Leddin et al recently reported on their comparison of travel-related carbon emissions of participants at meetings of the Canadian Association of Gastroenterology (CAG) in Toronto and Banff. Writing in Journal of the Canadian Association of Gastroenterology (2022; 5: 52–58), for participants attending the Toronto CAG, 96 per cent of the emissions were flying-related and the total carbon equivalent generated was 288.8 tons of carbon dioxide, eclipsing the tonnage reported by Owens et al. And in Ecology and Evolution (2021; 11:15205–15211), Seuront et al highlight intense discussions among climate scientists flying overseas to conferences, with some arguing “that their large carbon footprints decrease their credibility to the public and the impact of their advice” and cite attendance at international forums, such as Conference of the Parties meetings as “quintessential examples of this paradox”. Seuront et al also mention 28,000 delegates who travelled to the annual meeting of the American Geophysical Union in San Francisco and “emitted ca 80,000 tonnes of carbon dioxide… the equivalent of the weekly emissions of averaged sized cities, such as Edinburgh or Brazilia [sic]”.
Yet even in this high-flying context, it could be argued that the suggestion of Owens et al on how to improve the carbon footprint of Irish healthcare is a worthy one, even if only on an “every little helps” basis.
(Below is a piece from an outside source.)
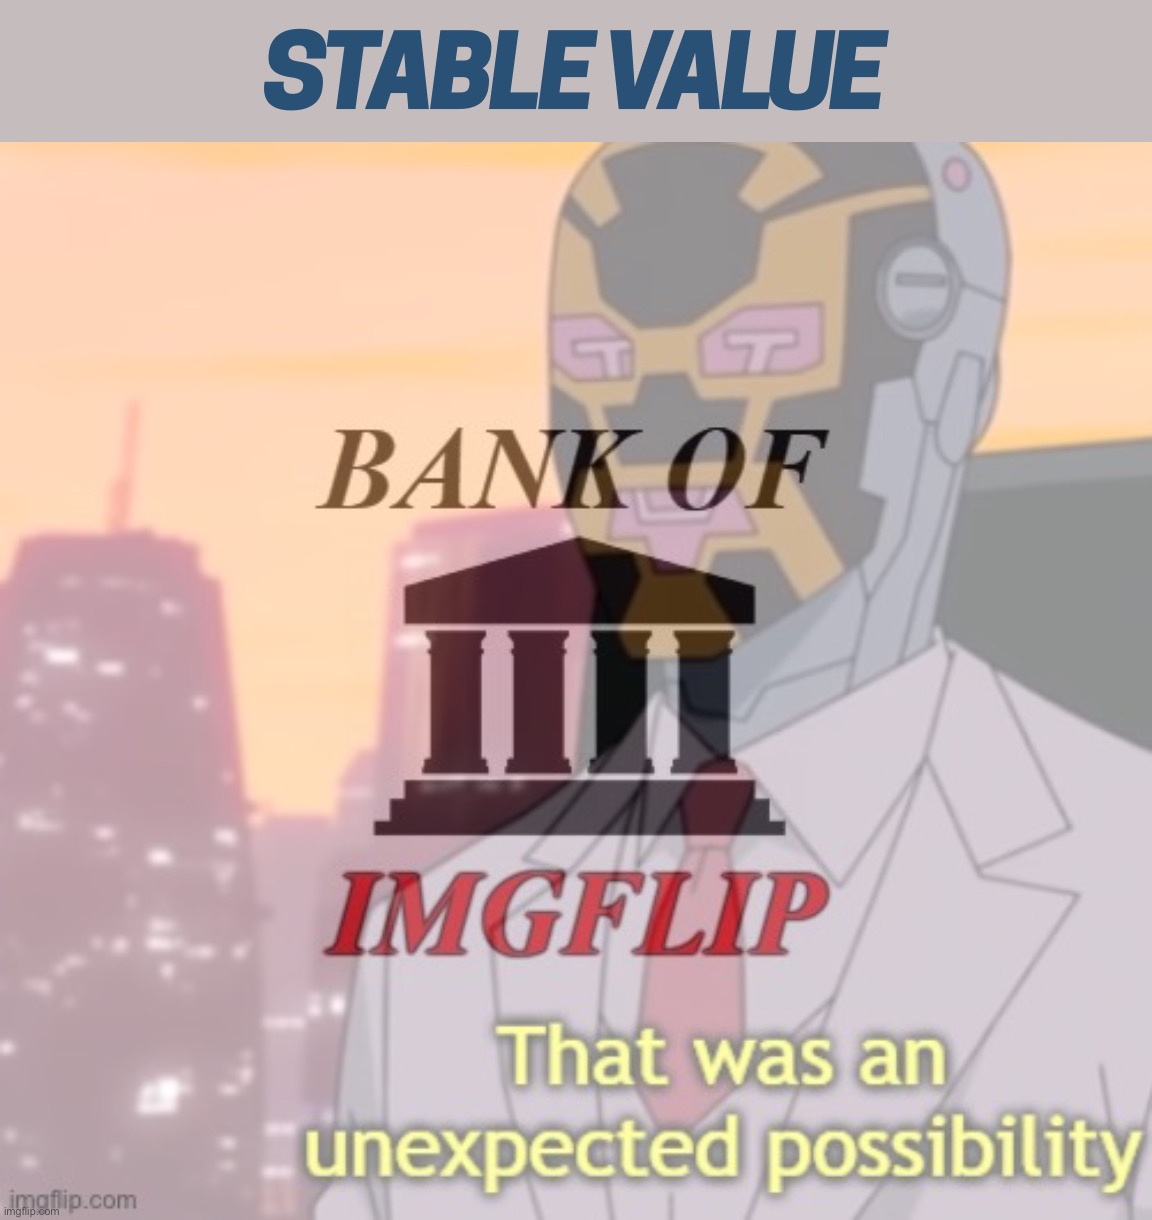 PROPOSE to establish Stable Value Bank of Imgflip (SVB). | image tagged in stable value,bank of imgflip that was an unexpected possibility,stable value bank,svb,imgflip_bank,imgflip bank | made w/ Imgflip meme maker

But why stop there? As the title of a paper by Knight and Fritz in Journal of Medical Ethics (2022, 48: 707–711) notes, “Doctors have an ethical obligation to ask patients about food insecurity: What is stopping us?” Knight and Fritz “suggest that there is an ethical imperative for doctors to ask patients about their ability to access healthy food. Gathering this data provides a valuable first step in re-framing the social determinants of health as modifiable risks, rather than inevitable inequities.” An “ethical imperative”?
Well, they may have a point, but I tend to favour that made by Irving Kenneth Zola, who, in his 1977 essay ‘Healthism and disabling medicalisation’, asserts that “medicine is becoming a major institution of social control”, and I harbour a reluctance to accept many medical edicts without demur.
As James Thurber said: “It is better to know some of the questions than all of the answers.”